The eighth siege of Gibraltar (1462) was a successful effort by soldiers of the Kingdom of Castile to take the fortified town of Gibraltar from the Moors of the Emirate of Granada. Capture of this position, which was weakly defended and was taken with little fighting, was strategically important in the final defeat of the Moors in Spain.

==Background==
Gibraltar occupied a strategic position in the Middle Ages, serving as a gateway for armed forces from Morocco to enter the Iberian Peninsula. Gibraltar had been a Moorish possession for 748 years, apart from a few short intervals of foreign control. By the early 15th century, the Castilians had conquered much of Granada, but the Moors used Gibraltar as a secure base from which they raided the surrounding country.

The largest landowner in the region, Enrique Pérez de Guzmán, 2nd Count de Niebla, died in an ill-planned attack on Gibraltar in 1435. The Moors recovered Count Enrique's body and placed it in a barcina, or wicker basket, that they suspended from the castle wall. The Moors rejected many offers by the Christians to redeem the body. However, by the 1460s the Moorish kingdom was fatally weakened and would not last much longer.

==Capture of Gibraltar==
In August 1462, a Christian convert from Gibraltar passed word to the Castilians that a large part of the garrison had temporarily left the town. Ali-l-Carro, a converted Moor, informed the Governor of Tarifa, Alonzo of Arcos, that the fortress was almost defenseless. The next day Arcos made an attack. He captured some Moorish soldiers and tortured them to gain information of the size of the garrison, which turned out to be too large for him to succeed with his own small forces. Alonzo of Arcos called for help from the surrounding towns, from his kinsman Alonzo, Count de Arcos, Alcade of Algeciras and from Juan Alonso de Guzmán, 1st Duke of Medina Sidonia, the most powerful noble in the region. The Duke was son of Enrique Pérez de Guzmán, who had died in 1435, and had assisted him in that attack.

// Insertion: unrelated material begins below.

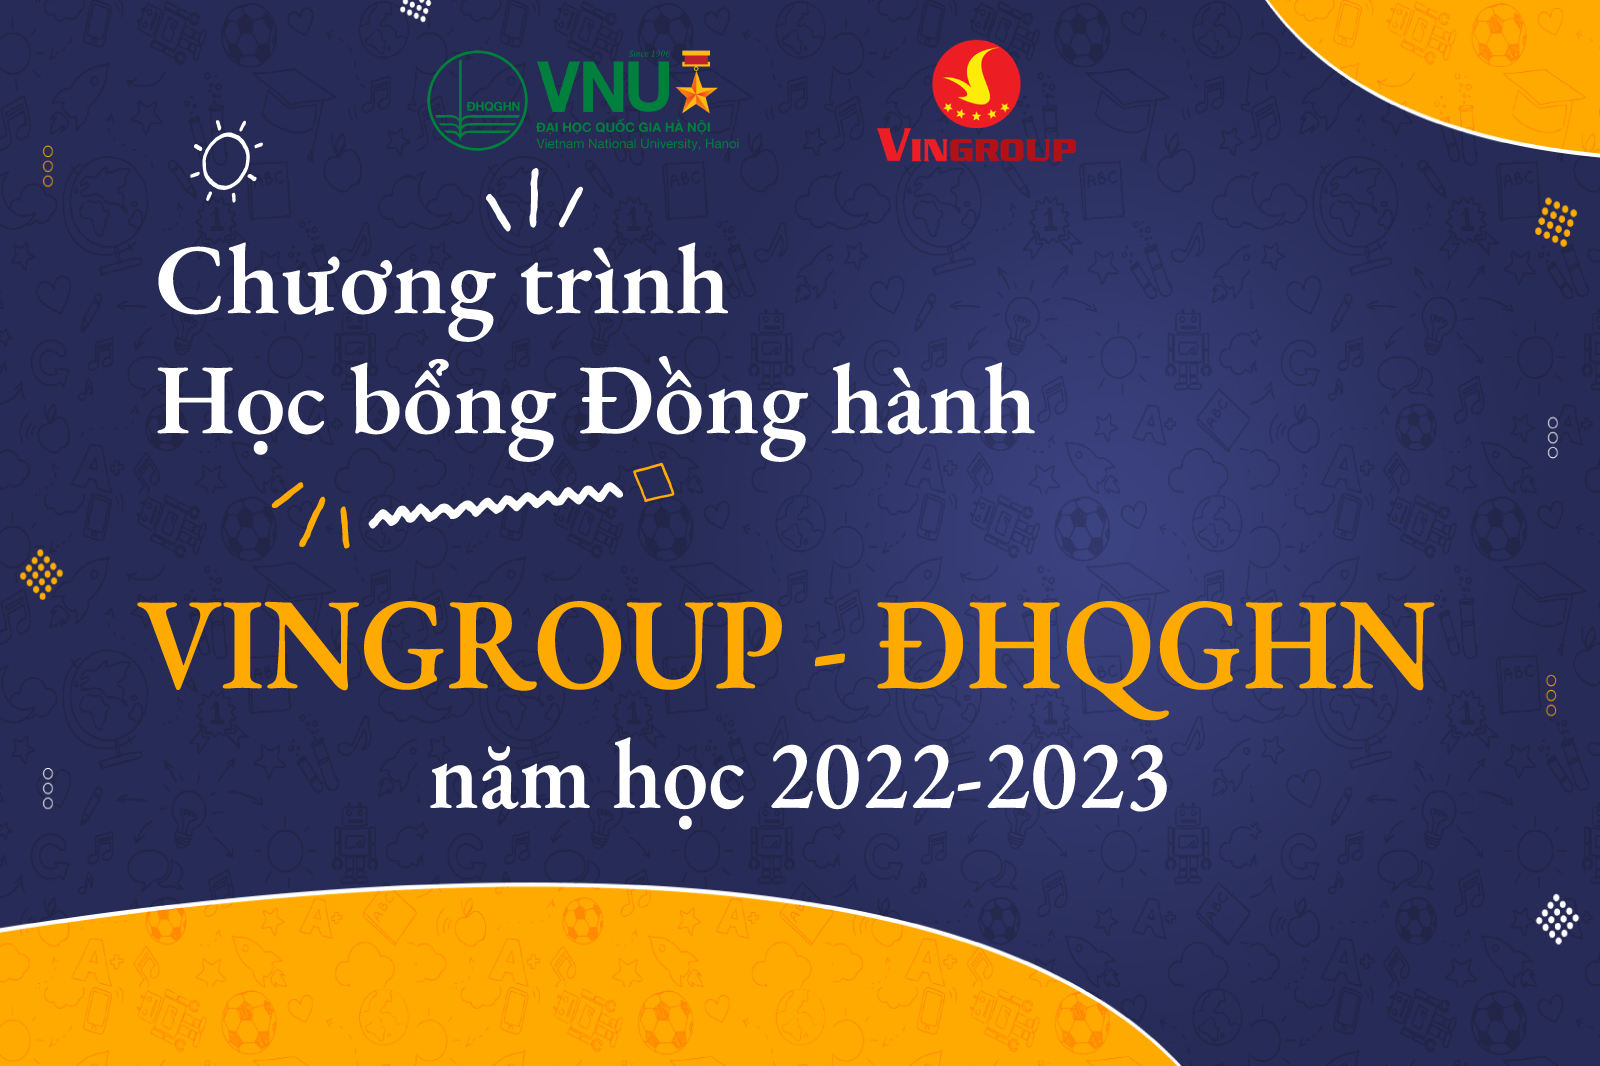 Chương trình Học bổng Đồng hành VinGroup - ĐHQGHN năm học 2022-2023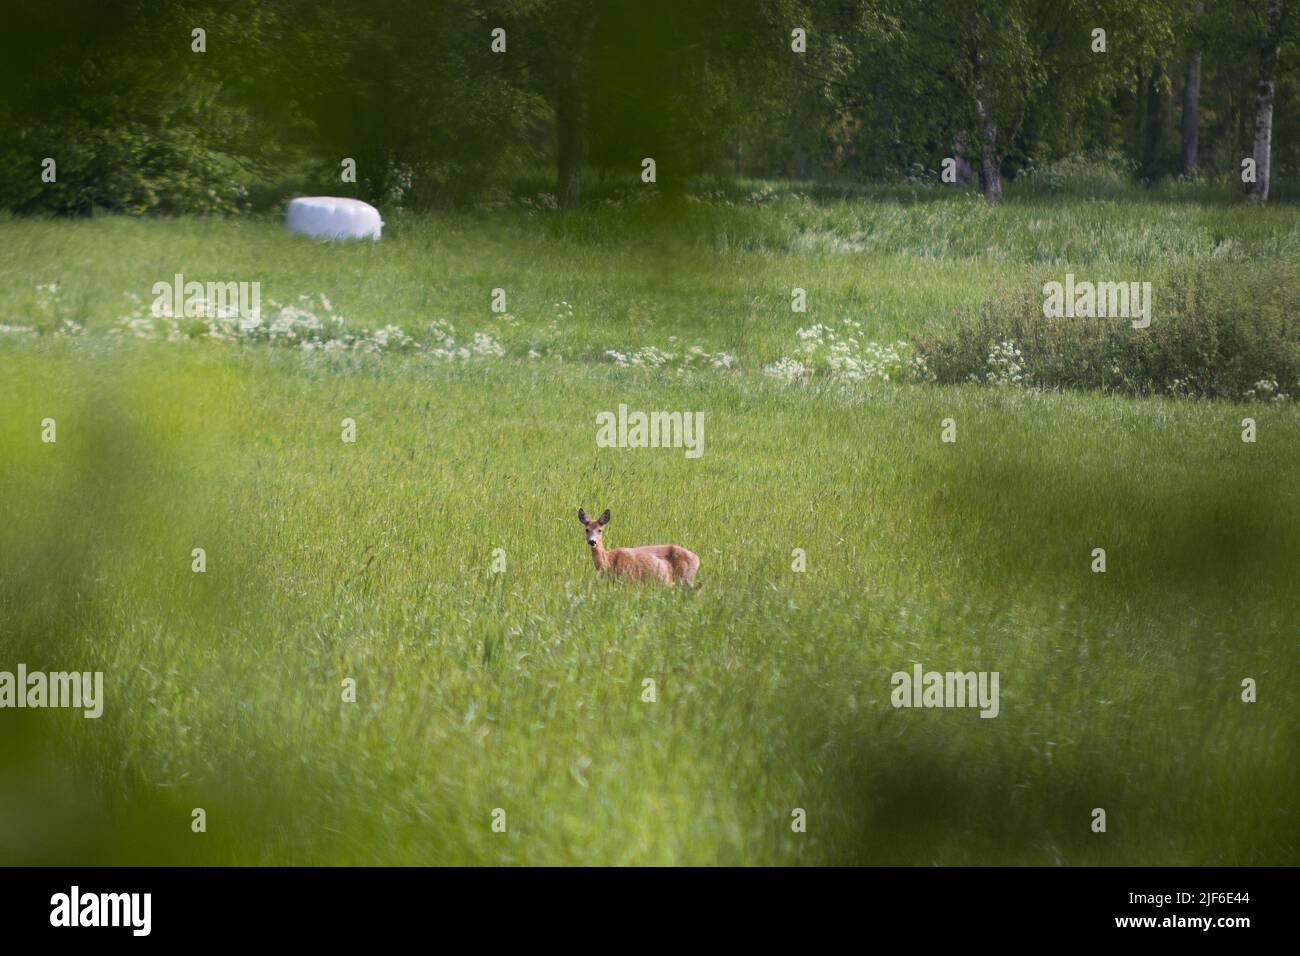 Une vue panoramique d'un cerf de Virginie debout dans un champ vert, regardant une caméra Banque D'Images

When the first troops arrived, the Governor Alonzo of Arcos made an attack that was easily repelled.

However, another deserter brought news that the garrison was arguing whether to surrender, and if so on what terms. Soon after a delegation of Moors came and offered to surrender if they were allowed to leave and take their property. Alonzo of Arcos deferred the decision to accept these terms until someone with greater authority arrived. Rodrigo, son of the Count of Arcos, reached the scene. He also felt unable to grant conditions of surrender. However, Rodrigo took control of the city gates, at which the Moors retreated to the castle.

When the Duke of Medina Sidonia eventually showed up there was a dispute over who should have the honor of taking the castle. To avoid coming to blows, it was agreed that the Duke and the Count of Arcos would enter the fortress at the same time and set up their banners simultaneously.

After a few days of negotiation, on condition of being allowed to leave with their possessions the defenders surrendered to Medina Sidonia. The castle was taken on 16 August 1462. The "siege" is perhaps misnamed, since there was little fighting and no use of siege weapons.

==Aftermath==
The Duke occupied and garrisoned the fortress. There was a risk of violence between his forces and those of the Count of Arcos, but this was avoided.
The remains of Count Enrique were recovered and placed in a chapel of the Calahorra in the Castle. King Henry IV of Castile added the name of Gibraltar to his list of titles. He gave the town the arms of a castle with a key pendant, signifying that it is the key to the Mediterranean. Henry appointed Pedro de Porras Governor, and then Beltrán de la Cueva. A few years later, during an internal power struggle between Henry IV and a group of nobles supporting his brother Alfonso, the Duke of Medina Sidonia again besieged Gibraltar. After a fifteen-month siege, the Duke took the town.
His family would control Gibraltar until 1502, when the crown of Castile finally took possession.